Zu viel des Guten – im positiven Sinne

In Endwalker ist so viel neu, dass es ausarten würde, alles hier schriftlich festzuhalten. Eins sei gesagt: Sowohl Neulinge als auch Kenner des Spiels kommen voll auf ihre Kosten. Wobei Neulinge anfangs wohl ziemlich erschlagen sein werden von all den Möglichkeiten. Aber wie gesagt: Lasst es langsam angehen und euch vom Spiel führen. Direktor Naoki Yoshida tut nämlich alles dafür, dass sich wirklich jeder in diesem Universum wohl fühlt. Ihr könnt Final Fantasy XIV gerne auch solo angehen. Das geht jetzt übrigens auch mit den Dungeons für vier Spieler: Anstatt menschliche Kolleg•innen mit in den Kampf zu nehmen, heuert ihr nun einfach NPCs an. Und das klappt erstaunlich gut. Eure Mitstreiter agieren ziemlich clever und nehmen euch viel Arbeit ab.

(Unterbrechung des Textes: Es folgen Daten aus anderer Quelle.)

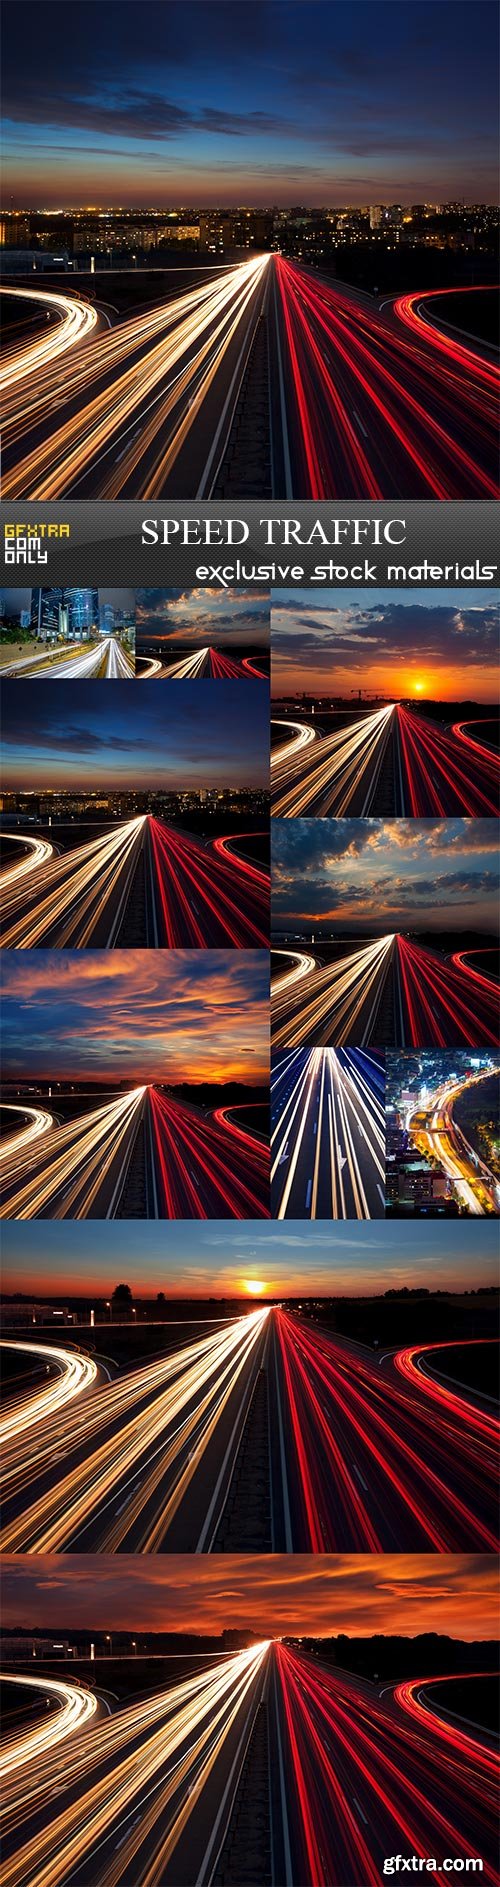 Speed Traffic, 10 x UHQ JPEG
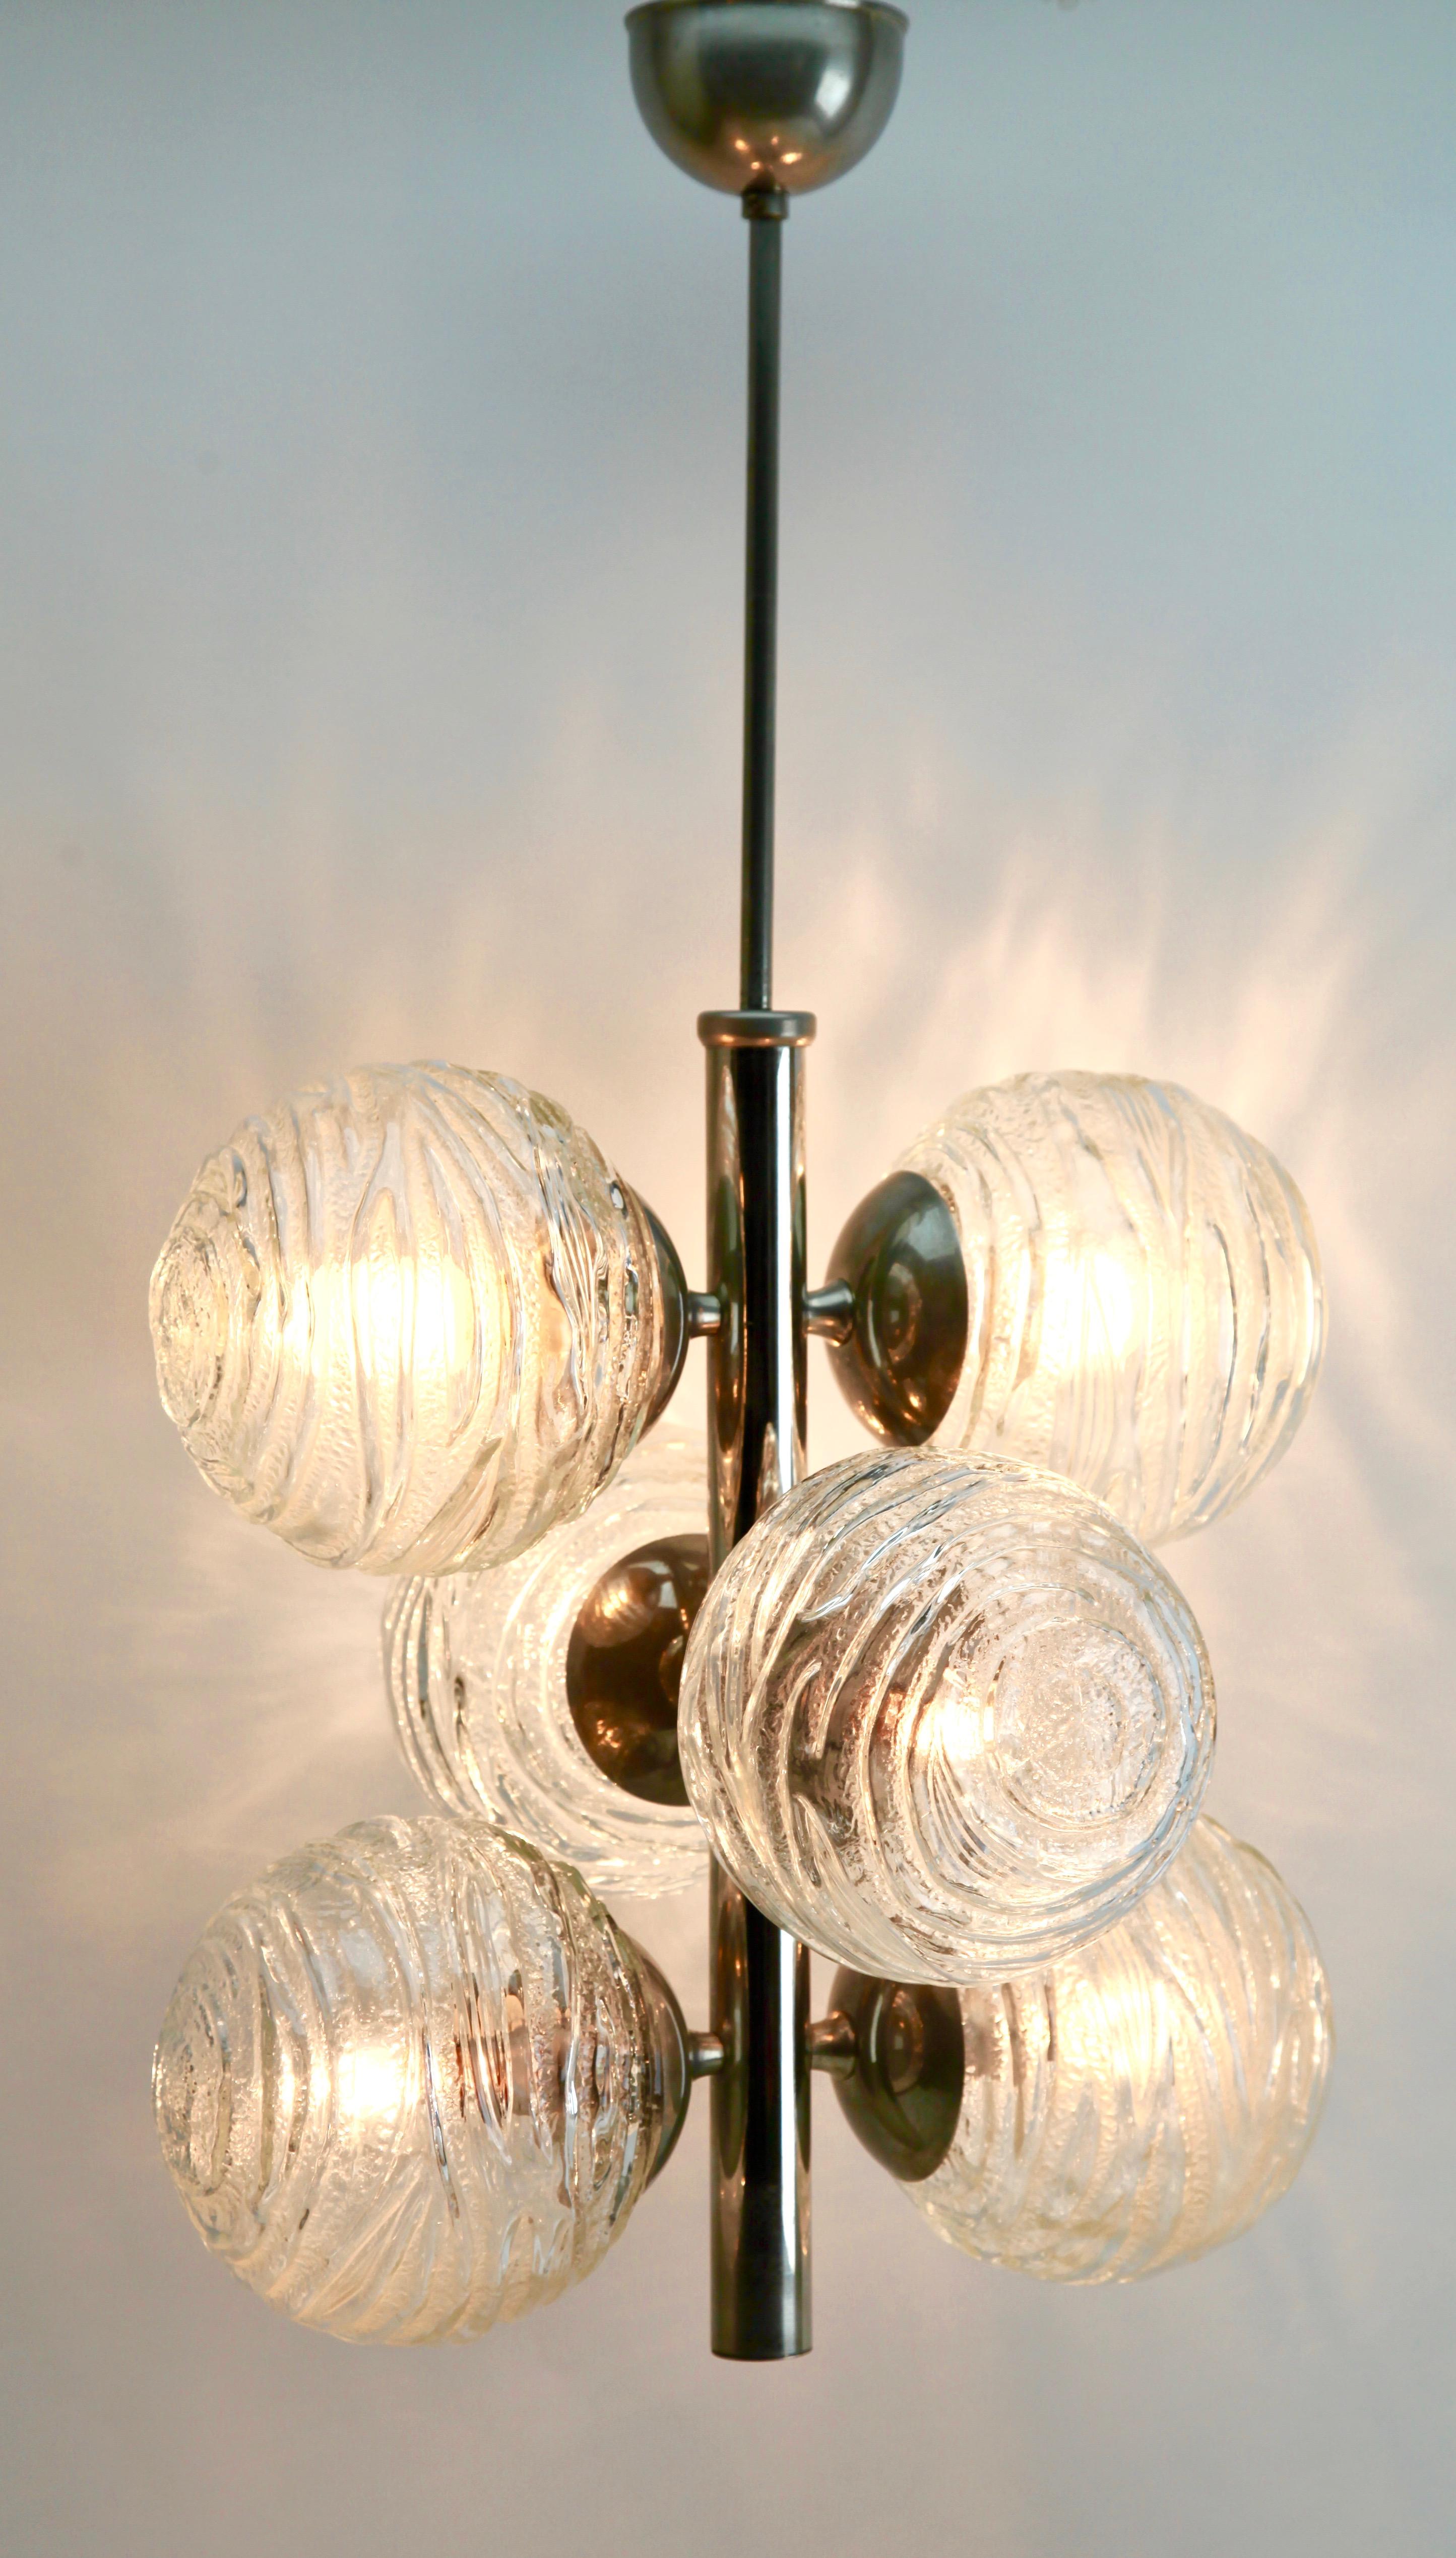 Diese Leuchte aus der Serie der Firma Doria Leuchten besteht aus sechs Lampen, die als drei Paare auf einem zentralen verchromten Stiel angeordnet sind. Jede Leuchte hat eine Halterung auf einer verchromten Platte und trägt einen runden,

Eine Neuerung, die Brandon ins Auge fiel: Die Hitpoints von Gegnern wurden nach unten korrigiert. Das liegt daran, dass man seit der ersten Erweiterung immer stärkere Gegner und Waffen implementierte. Waren zu Beginn des Spiels vor zehn Jahren kritische Treffer mit 130 Punkten normal, so wären wir heute damit übertrieben gesagt im siebenstelligen Bereich. Solch hohe Zahlen verursachen eine enorme Rechenleistung. Daher wurde alles wieder nach unten korrigiert. Den meisten wird dies vielleicht gar nicht auffallen. Ich fand es aber eine interessante Änderung.

Job-Börse mal anders

Das spannendste Feature sind die neuen Jobs bzw. die Veränderung der alten Jobs. In Final Fantasy XIV könnt ihr theoretisch jeden Job mit nur einem Charakter annehmen. Daher braucht ihr nicht unzählige Avatare, sondern nur einen. Das ist schon mal sehr komfortabel. Zu den etlichen Jobs gesellen sich nun auch der Weise und der Schnitter. Beide Jobs passen sich perfekt in die Spielwelt und erweitern die späteren Raids auch um wertvolle Charaktere – wobei der Weise vielleicht noch einen Ticken besser in große Gruppen passt. Aber auch hier gilt: Probiert es einfach aus.

Als neue Unter-Quests kommen nun Begleitaufträge hinzu. Das heißt: Ihr müsst einen NPC von A nach B begleiten und schauen, dass er oder sie nicht das Zeitliche segnet. Das ist zwar ganz nett, aber nun keine große Innovation. Leider kommen solche Aufträge zu Beginn recht häufig vor. Viel spannender wird es, wenn ihr die Hauptstory vorantreibt. Einige der Missionen, in denen ihr auch in die Haut von anderen Charakteren schlüpft, sind derart mitreißend, dass ich noch lange danach an die Zwischensequenzen denken musste. Brandon beschrieb dies schön mit Gänsehautmomenten.

Fazit

Ich muss sagen: Mit Final Fantasy XIV Endwalker hat Square Enix ein unterhaltsames Schwergewicht im MMORPG-Genre geschaffen. Die finale Erweiterung, die den ersten Zyklus abschließt, veredelt dieses Meisterwerk. Ob Kenner oder Grünschnabel: Ich empfehle euch wärmstens, dass ihr einen Abstecher in dieses Fantasy-Abenteuer wagt – zumal der Einstieg völlig kostenlos ist. Ich habe es jedenfalls keine Minute bereut.